At Richmond, Ryan Truex -- a Camping World Truck Series driver and younger brother of Martin Truex Jr. -- will make his Sprint Cup debut in the No. 51. Barkdoll said Finch and Truex’s father Martin Truex Sr. are friends, and that the driver also brings some sponsorship.
“We just have to look at being creative right now to find sponsors, and he has some sponsors,” Barkdoll said. “And James is always willing to take a chance on young drivers. (Truex) has done some testing for some of those organizations. If we had our best-case scenario, we’d love to find a full-time sponsor and just race full-time with AJ, because Regan has his full-time Nationwide thing. But right now that’s just not the case.”
Smith, who has a full-time Nationwide Series ride with JR Motorsports, will return to the car at Talladega and Darlington as Allmendinger begins Month of May activities at Indianapolis. Juggling drivers is becoming routine for a team that so far has remained competitive despite its disadvantages, and now faces the test of sustaining that success through the rest of the year.
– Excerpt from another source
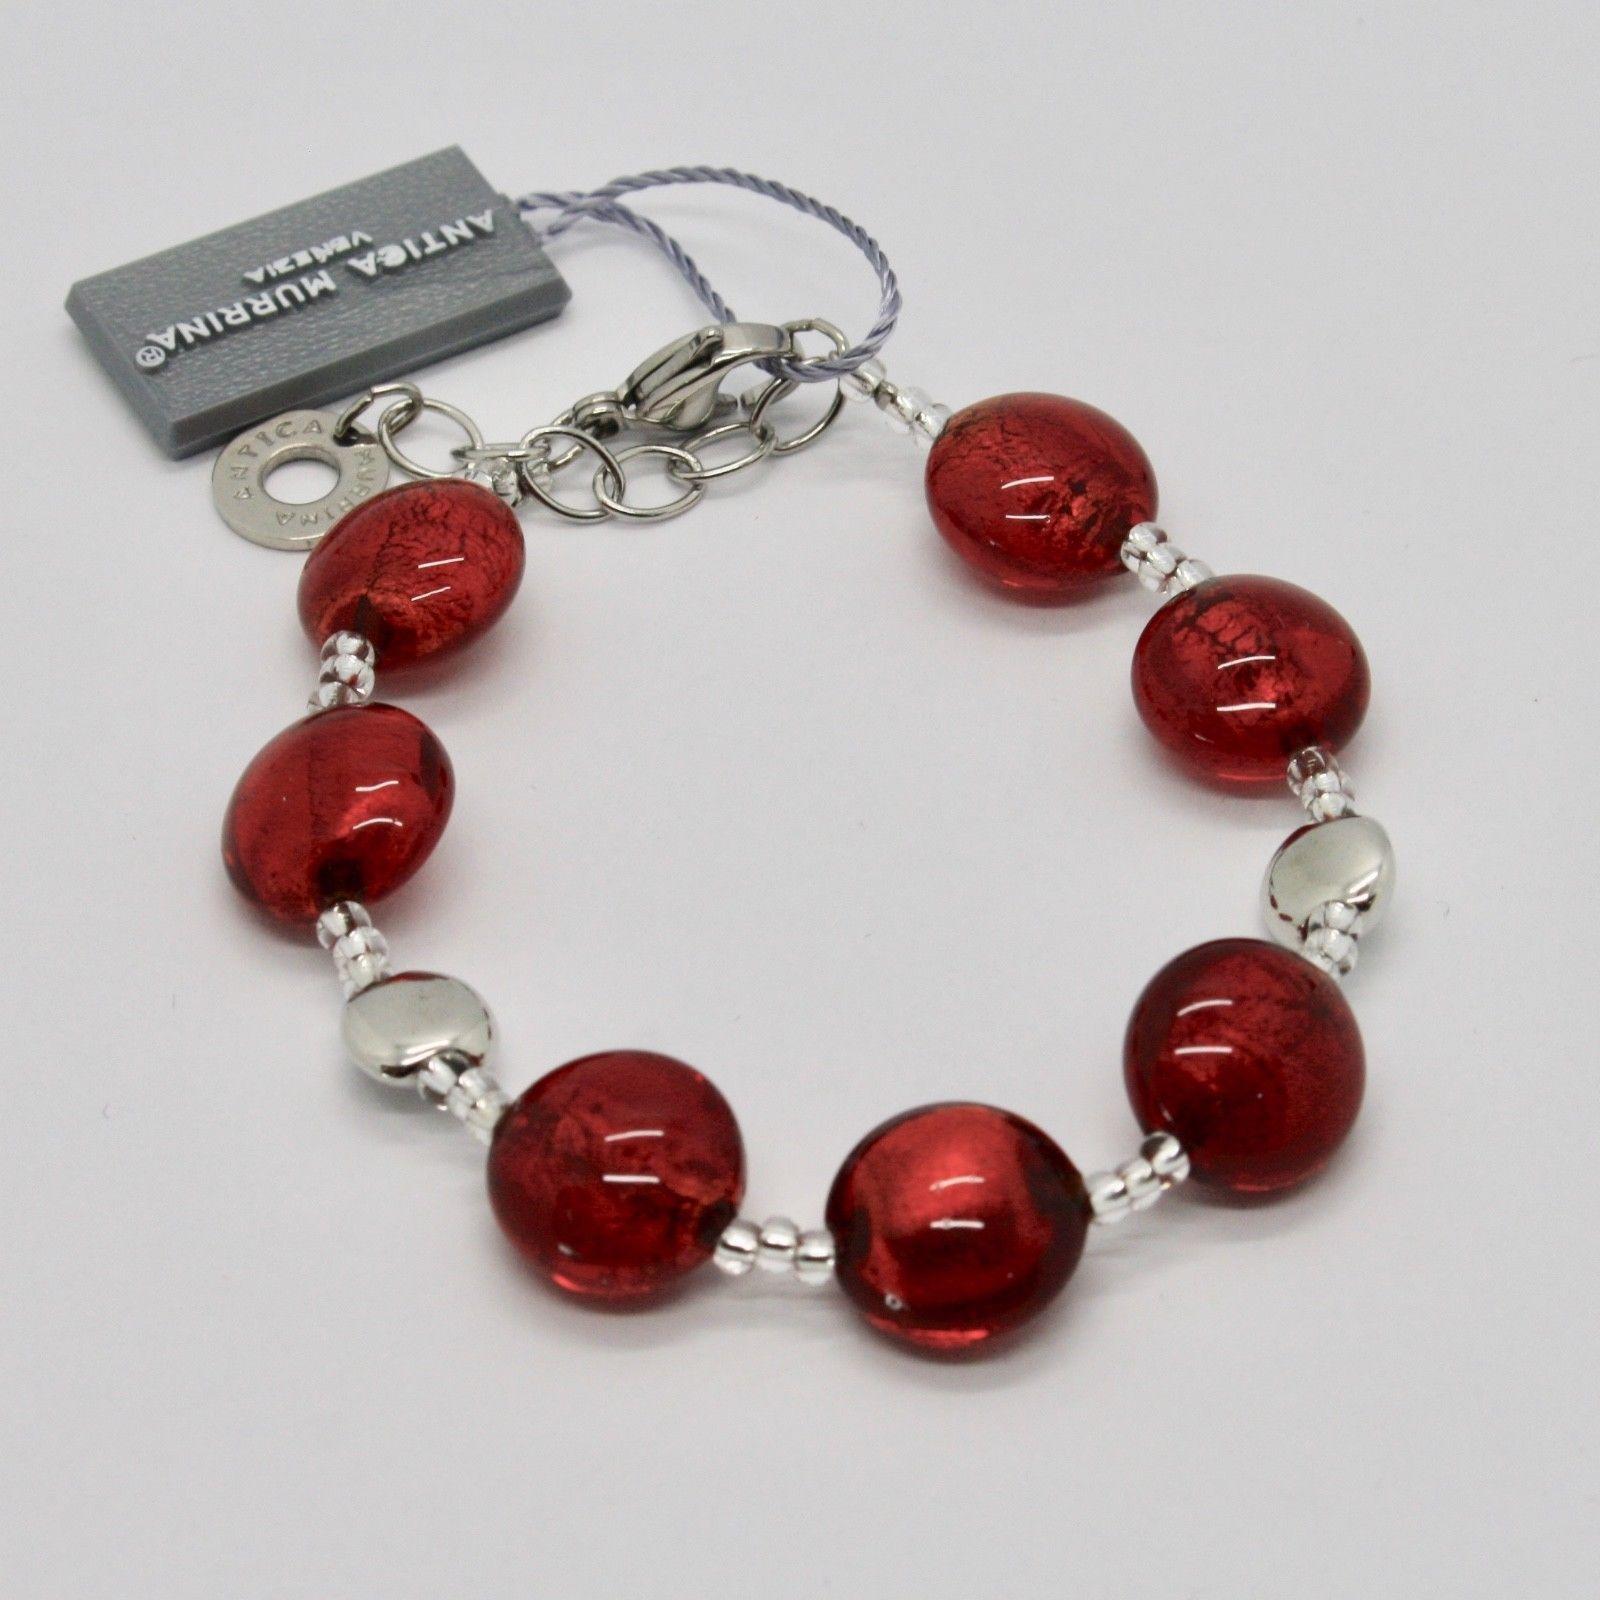 BRACELET ANTICA MURRINA VENEZIA WITH MURANO GLASS RED SILVER BR297A31

“It’s certainly a money-driven sport, and right now there are no plans to change course,” Barkdoll said. “We just have to figure out how to get a sponsor in here that can help us help James. He hasn’t called up and said, ‘Hey, don’t buy brake pads this week. Use the ones you used last week.’ He’s never done that. But two years in a row without a primary sponsor is pretty tough on somebody.”